А в самом деле, жалко мне, что ли? Возьму да и познакомлю. Хотя, жалко, конечно. Балбеса Виктора жалко. Добрый все-таки он.
Глава 12
Возвращаясь со спаррингов, мой братец Боря с остервенением рисует котят у себя в альбоме. Пар выпускает.
Возвращаясь после собирания «нужных бумажек», папа уединяется на кухне и очень основательно изображает в рабочем ежедневнике сначала всех «битлов» — Леннона и Маккартни анфас, остальных — в профиль, потом танки, напоследок мелкое зверье. Иногда и до котят доходит.
Они похожи, мужчины нашего дома. Оба стремительные, ответственные и заботливые. А вот мы с мамой совсем разные. Мама моя вообще ни на кого не похожа. И я тоже хочу быть совершенно особенной.
Мама веселится:
— Танечка, чтоб ты знала: подобные амбиции питает еще около двух миллиардов землян.

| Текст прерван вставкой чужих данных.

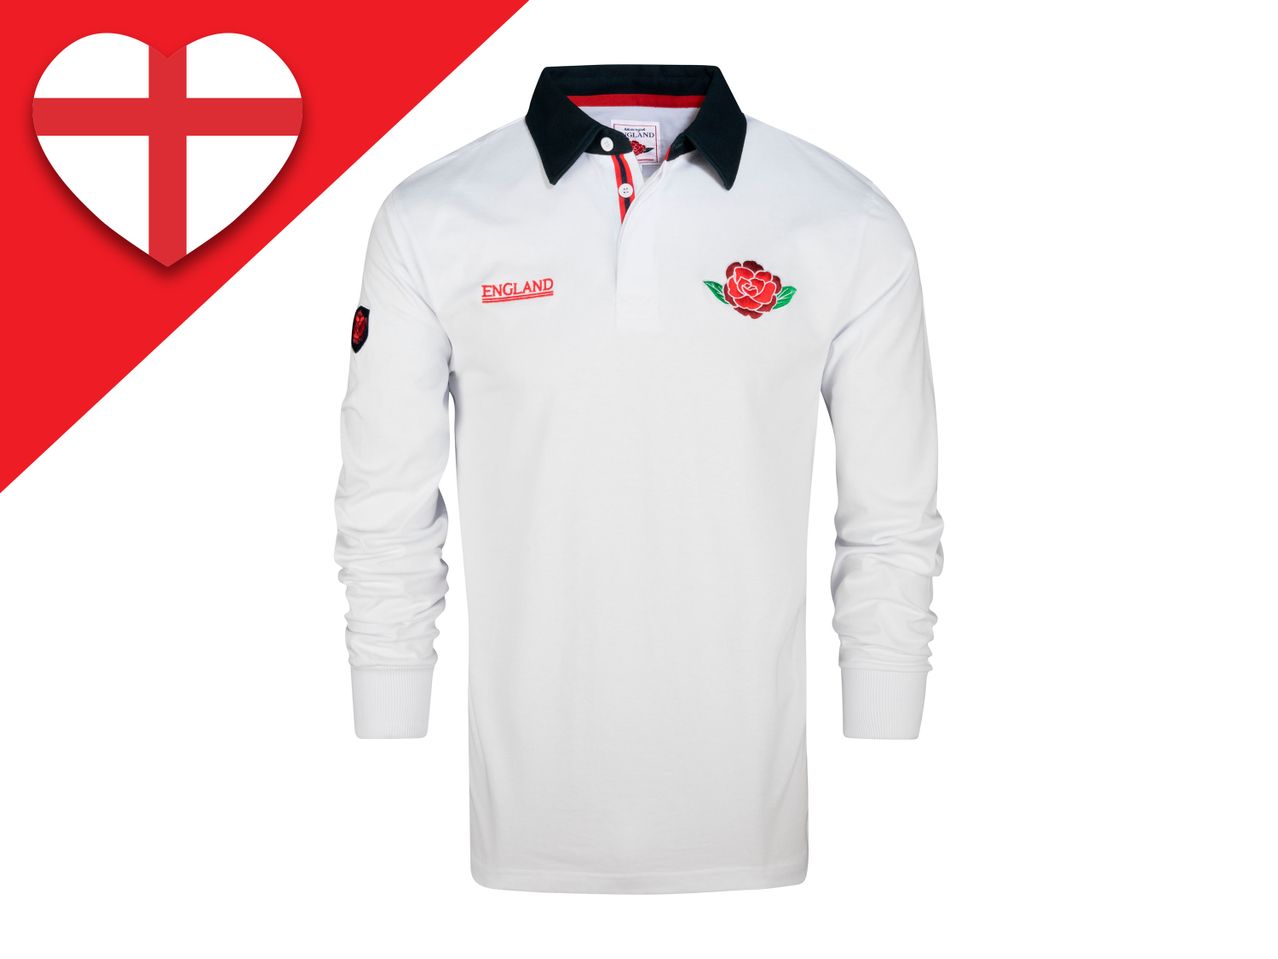 Go to full screen view: Adults’ England Rugby Shirt - Image 1
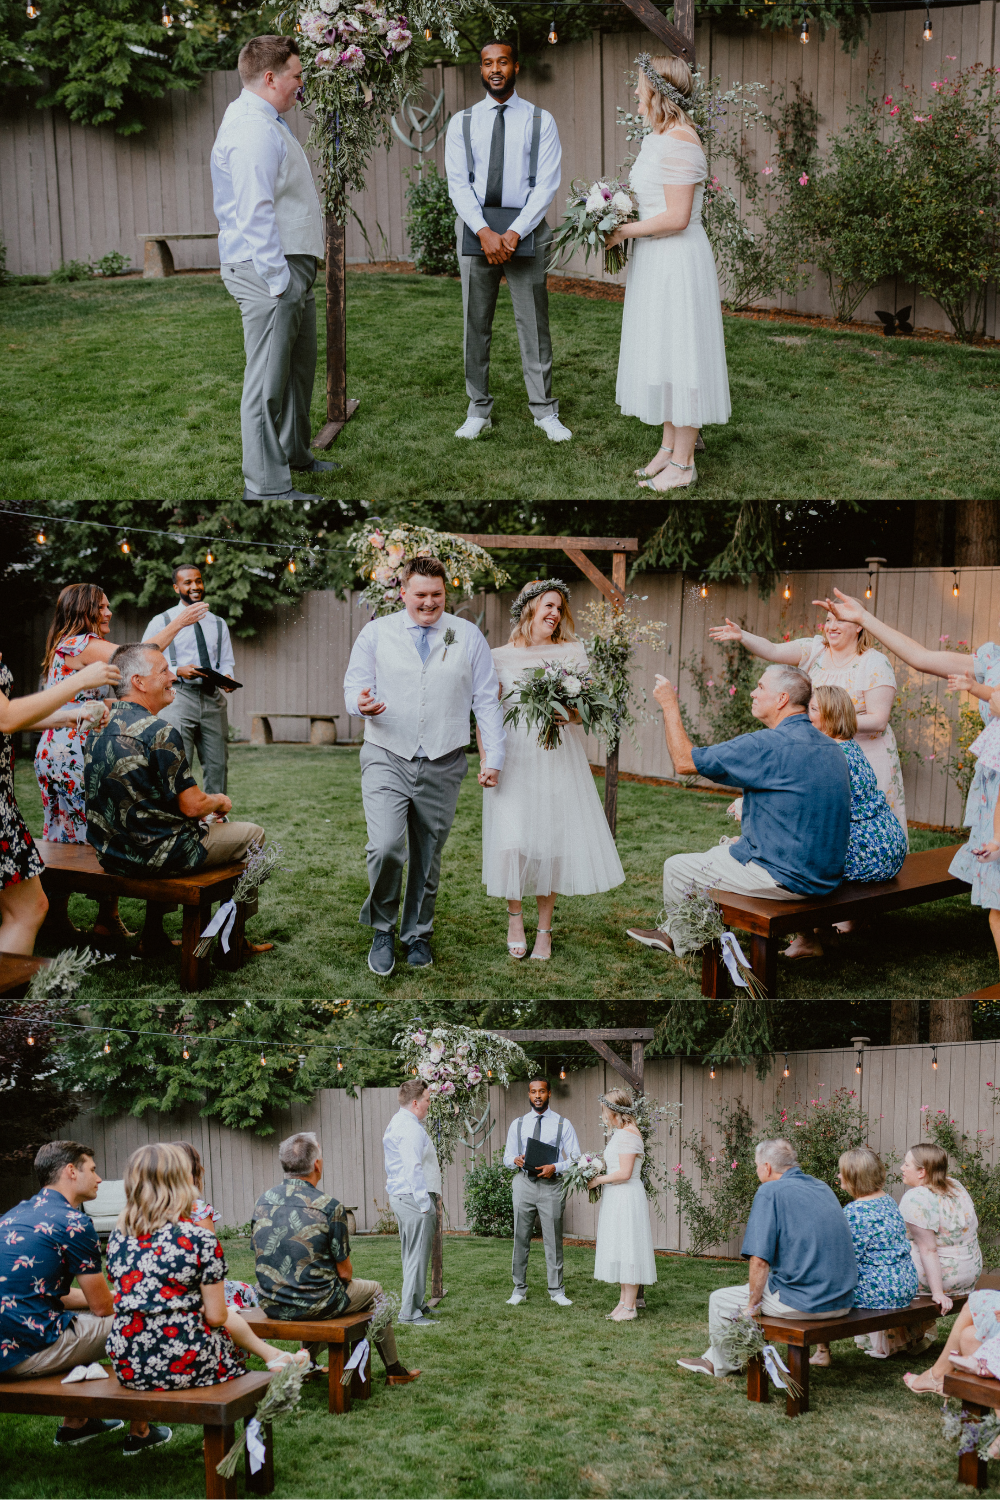 Bride and Groom exchange vows in intimate backyard elopement, Bride and Groom walk down the aisle while family celebrate | Seattle Wedding Photographer, Seattle Elopement Photographer | chelseaabril.com

Тебе надо?
— А как тогда, чтобы со стенами не сливаться?
— Вот ты здесь и сейчас. Именно ты — и именно на этом месте. Этим и особенная. Но остальным и это неважно, уж поверь. А особенной станешь, только если перестанешь забивать голову своей «особенностью» и будешь полезна обществу. По-настоящему полезна. А это огромная редкость в наши дни. Я вот так и не поняла, какая от меня польза кому-то, кроме вас. Поэтому и стараюсь для семьи — и то уже хорошо. Ну, а обществу на меня плевать. Главное, чтобы не безобразничала.
— Все равно ты особенная.
— Это потому, что я твоя мама. А так — меня все время с кем-то путают на улице. А знакомые не узнают. Я даже не обижаюсь, привыкла.